SAN ANTONIO – Based on their experiences there, several volunteers at the Freeman Coliseum Expo Hall said they were surprised by Gov. Greg Abbott’s announcement Wednesday that Texas Rangers are investigating possible abuse and other “credible” allegations at the facility.
Yet they expressed concern over any possible abuse that might have occurred.
They agreed with Giselle Thompson, who volunteered there most of last week and will be back this weekend.
“Any allegation, any child that comes forward with any of these types of allegations, you have to listen to them,” Thompson said.
But otherwise, judging on what Mark Praetor saw last week when he volunteered for several hours there, “My impression was that the youth had been pretty well taken care of, given the circumstances.”
Learning what the governor had said, Praetor said, “It sounded like maybe he hadn’t visited yet.”
Praetor’s wife, Melinda, who also volunteered for a shift last week, said she disagreed with what the governor was saying about COVID-19 positive youth not being segregated from the others.

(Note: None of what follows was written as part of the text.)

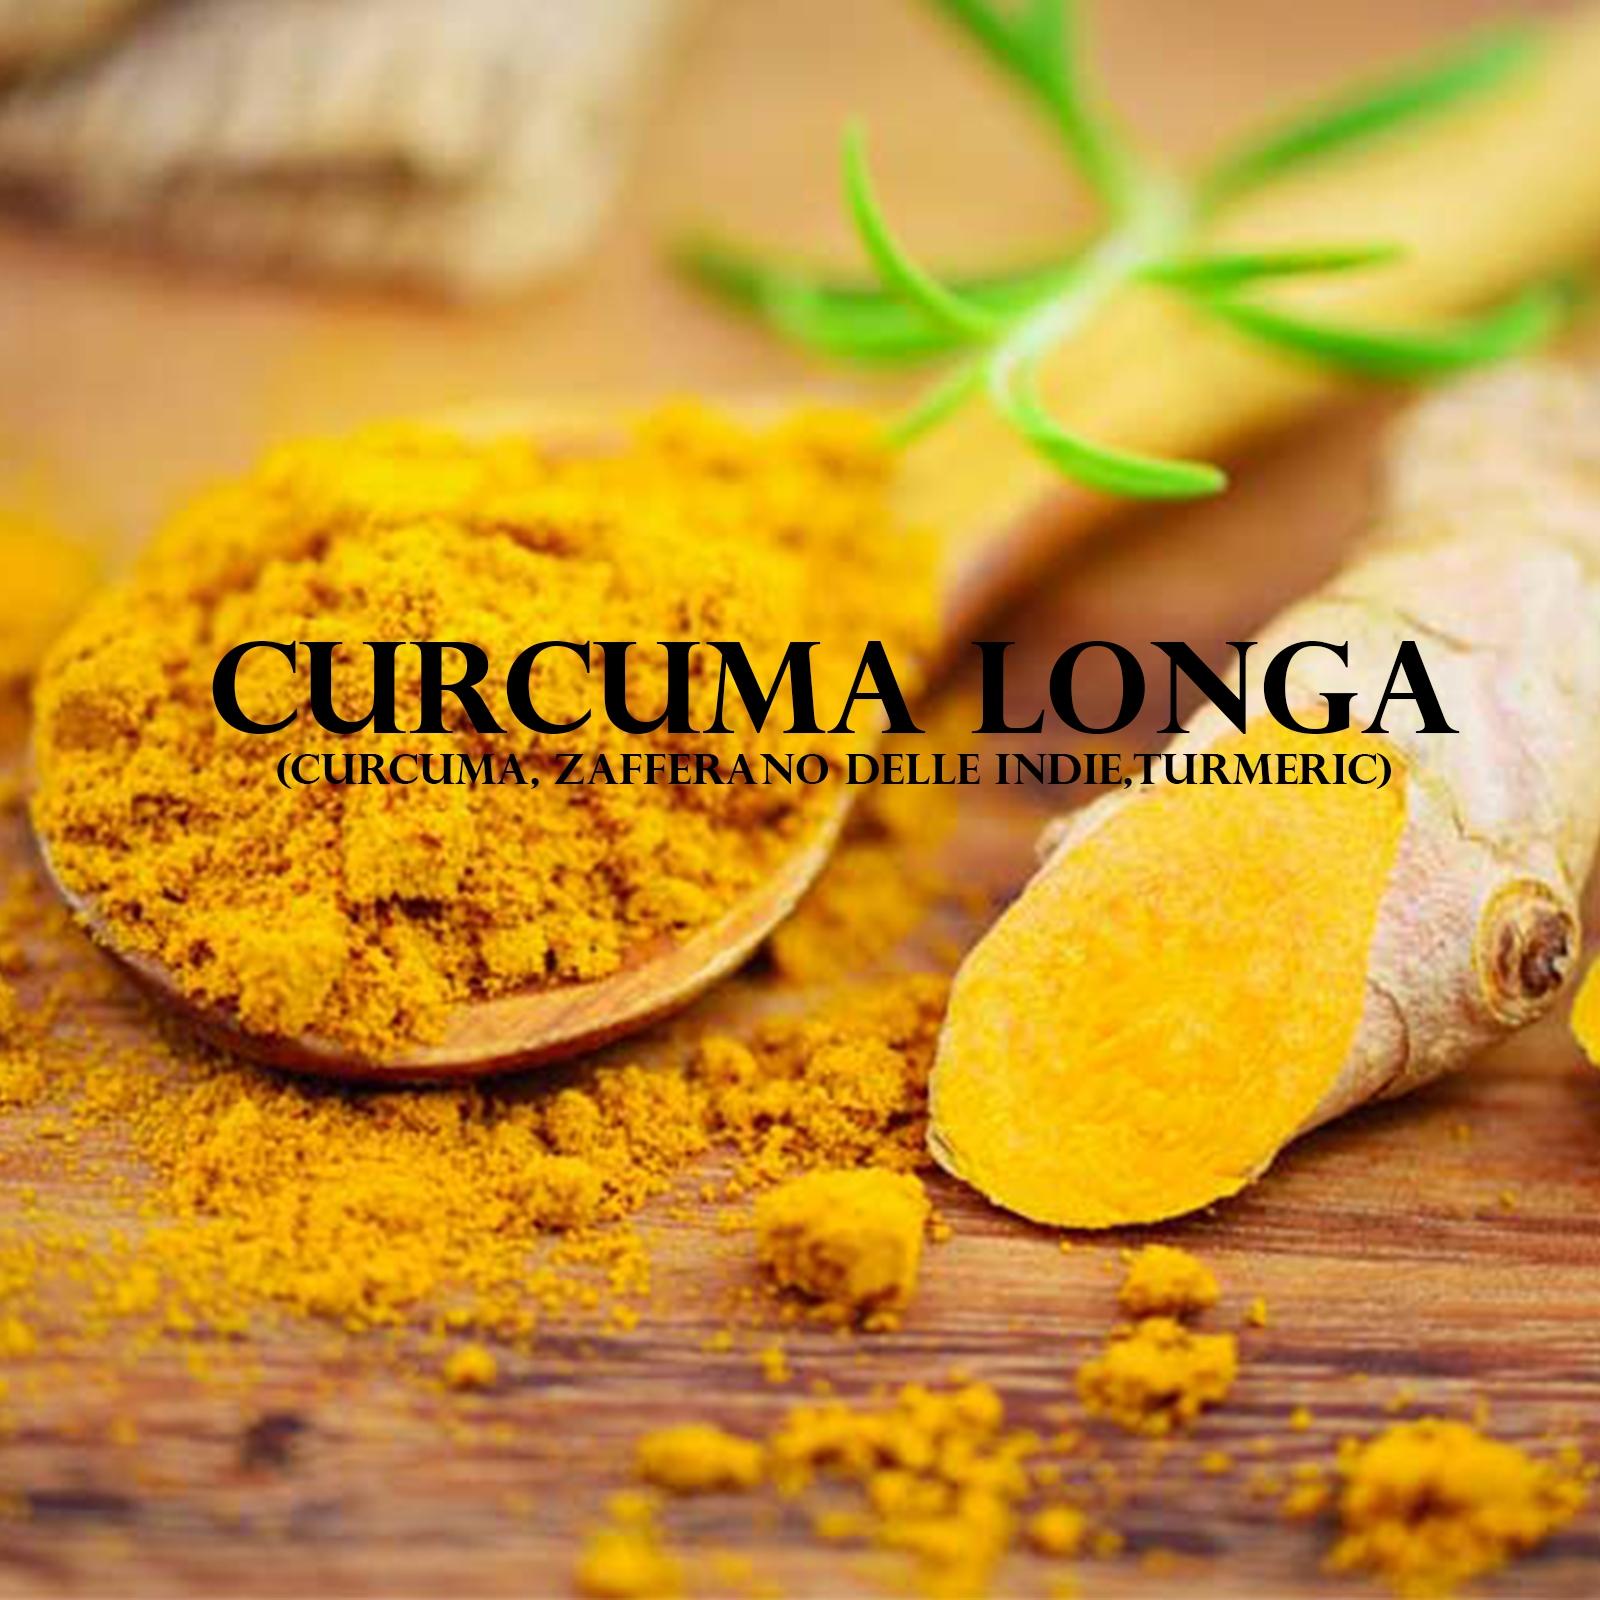 Curcuma Longa (Curcuma, Zafferano delle Indie,Turmeric)

“That was kind of frustrating just because that was not what I witnessed at all,” Melinda Praetor said.
Abbott also said it was alleged the young migrants, most of them teenagers, were not being properly fed.
“They have lots of food,” Thompson said. “The kids sometimes complain that they’re feeding them too much.”
Thompson said it would help if the meals were spaced out since the migrants get generous morning and afternoon snacks.
However, the volunteers agreed more adult staff and volunteers are needed to work with the 1,645 migrant youth temporarily housed there as of Tuesday night.
“I know that they’re trying to do a lot of hiring,” Thompson said. “They’re trying to get a lot of volunteers.”
A spokeswoman for the U.S. Department of Health and Human Services said she could not comment on the allegations since those are under investigation.
But she said trained youth care workers and security personnel are monitoring the migrant youth around the clock.
Thompson said it this way: “There are people everywhere all the time,” even adults outside the bathrooms and port-a-potties counting the number of young migrants when they get in line and after they’re all done.
She also said they quickly go in and out because “they know that there’s other kids waiting.”